Early diagnosis, treatment key to tackling infertility, PCOS – Ajayi
Polycystic Ovary Syndrome (PCOS), classified by the World Health Organisation (WHO) as group II ovulation disorder, is one of the most common health problems in women of reproductive age.
Accompanied by chronic anovulation, a consultant gynecologist/obstetrician, Dr. Abayomi Ajayi said PCOS has that early diagnosis and treatment alongside weight loss may lower the risk of long-term complications.
He said this at a webinar while speaking on the theme, ‘How To Tackle Infertility In 2023 Is Also Good.’ He stressed that for a diagnosis of PCOS, history of irregular menstruation and other clinical examinations are required to ascertain a woman has PCOS.

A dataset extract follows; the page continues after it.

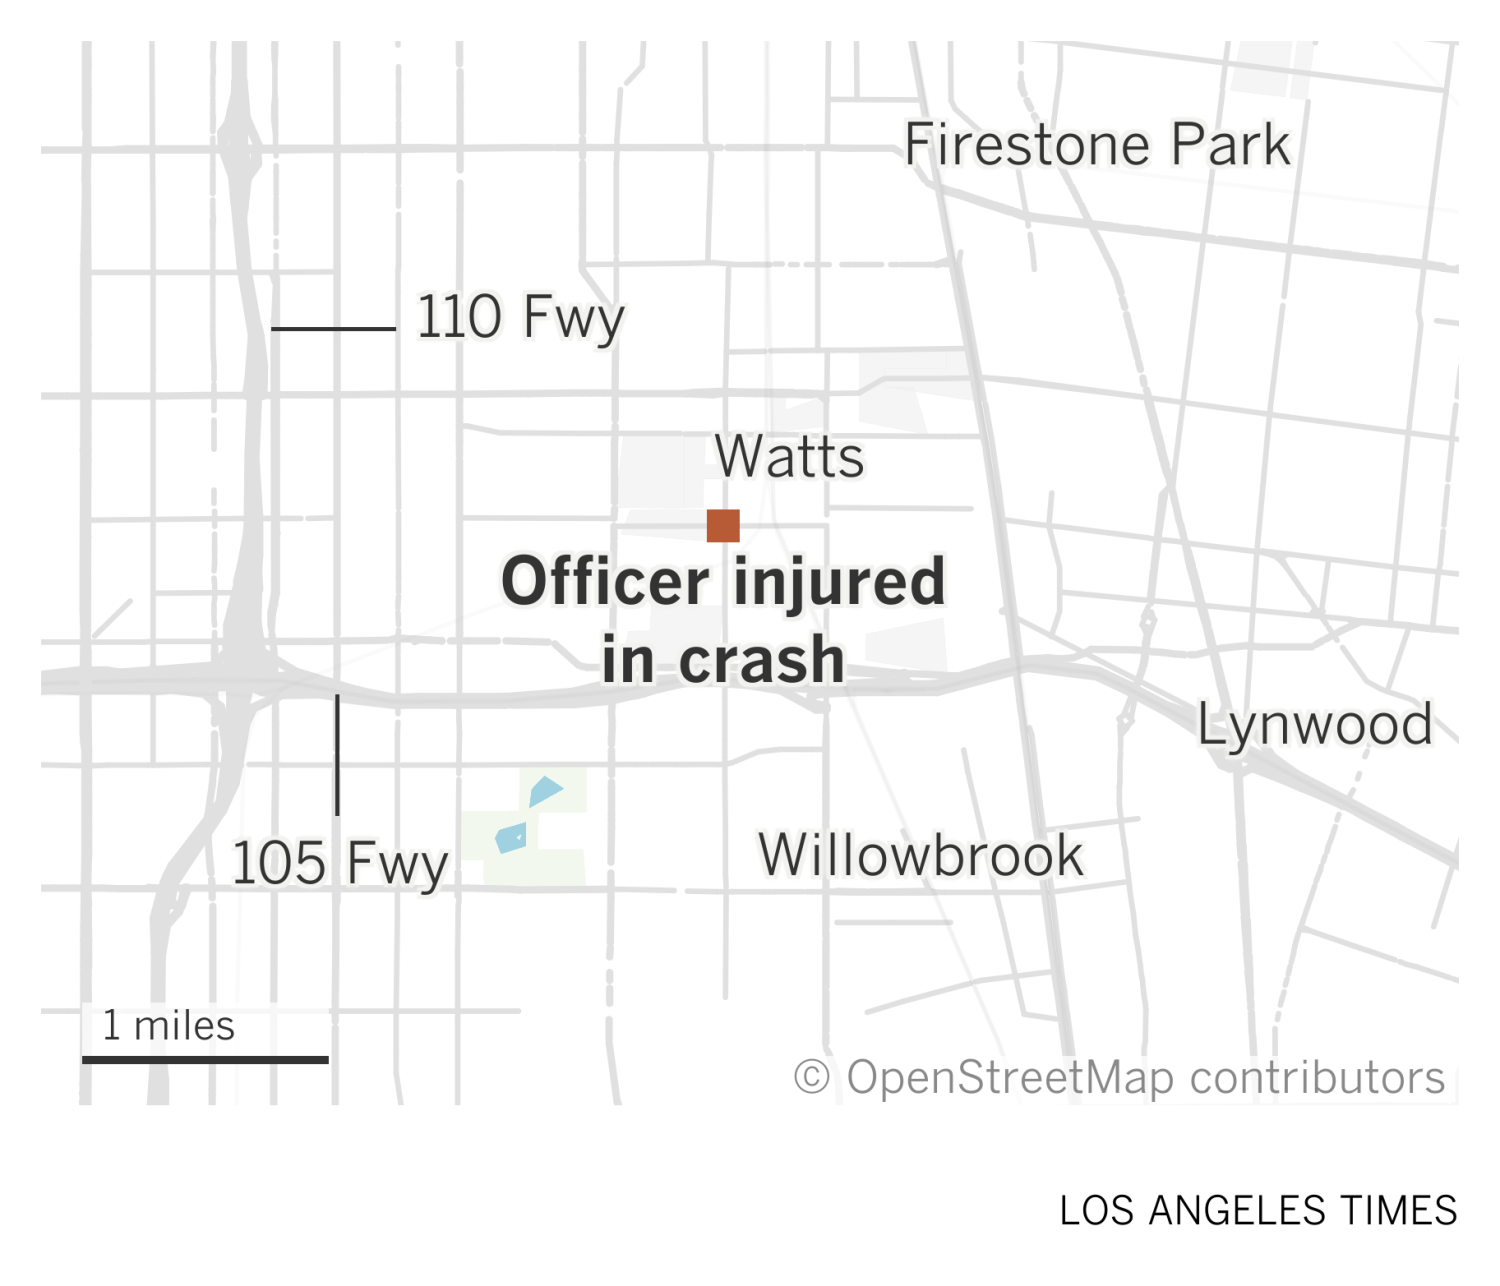 ?url=https%3A%2F%2Fcalifornia times brightspot.s3.amazonaws.com%2F75%2Fd6%2F405911354867bbf5542e2b4c2286%2Fiyxri officer injured in crash in watts News For Everyone Zoohouse News

Ajayi, who doubles as Managing Director, Nordica Fertility Centre, Ikoyi, Lagos, noted that women with polycystic ovaries are at the risk of cardiovascular disease, obesity and diabetes. “You can’t cure it but you can manage it. You have to ensure you don’t gain unnecessary weight. Those conditions would make you gain weight, so this is the fight that you have to fight.
“For a woman with such condition to be able make babies, you have to check her and because she doesn’t ovulate, the medical professional will make her ovulate, using birth control pills to balance estrogen and testosterone levels before beginning fertility treatment among others. There may be fertility medications to jump-start the ovaries to send out more eggs.
“You may require In-Vitro Fertilisation treatment to help you get pregnant with PCOS in a satiation that the pregnancy didn’t happen naturally. There may be also other checkup that may include more blood tests, ultrasounds scans and a physical examination to help the situation.”
With about 10 percent of women with high levels of a form of testosterone called ‘free’ testosterone also battling polycystic ovary syndrome, it is characterised by irregular or absent menstrual periods, infertility, blood sugar disorders, acne and excess hair growth.
“Most women with PCOS are overweight or obese, though a small percentage have a normal body weight. Left untreated, high levels of androgens, regardless of whether a woman has PCOS or not, are associated with serious health consequences, such as insulin resistance and diabetes, high cholesterol, high blood pressure and heart disease,” he said.
However, medical research shows that women with PCOS have a high success rate of getting pregnant with IVF treatment.
Commenting on untreated Sexually Transmitted Diseases (STDs) as it affects fertility in 2023, Ajayi said it is one of the major causes of infertility, especially when poorly treated. He advised that no form of STDs should be treated at random, rather a culture test before empirical treatment.
While lamenting the dependency of Nigerian youths on drugs to achieve and sustain erection, he said, that all manner of drugs and concoctions being consumed by men to gain and sustain erection, is detrimental to their health and affect fertility.
According to him, STDs can directly or indirectly cause infertility in both women and men, if left untreated as infections can develop and cause infertility by moving up the reproductive system and spreading to the woman’s uterus, ovaries and fallopian tubes causing damage, scarring or inflammation.
Speaking on male factor, he said, “There is no doubt that drugs are damaging people system now. There are people that cannot have erection without drugs. Men are taking all manner of drugs to achieve erections just to prove that he is a man and not one-minute noddle man.
“It’s women that put some men on pressure because they call them two minutes noddle and the men in their part would want to prove to them that they are not two minutes noodles and would be using all manner of drugs to get erected which in some cases affect their fertility.”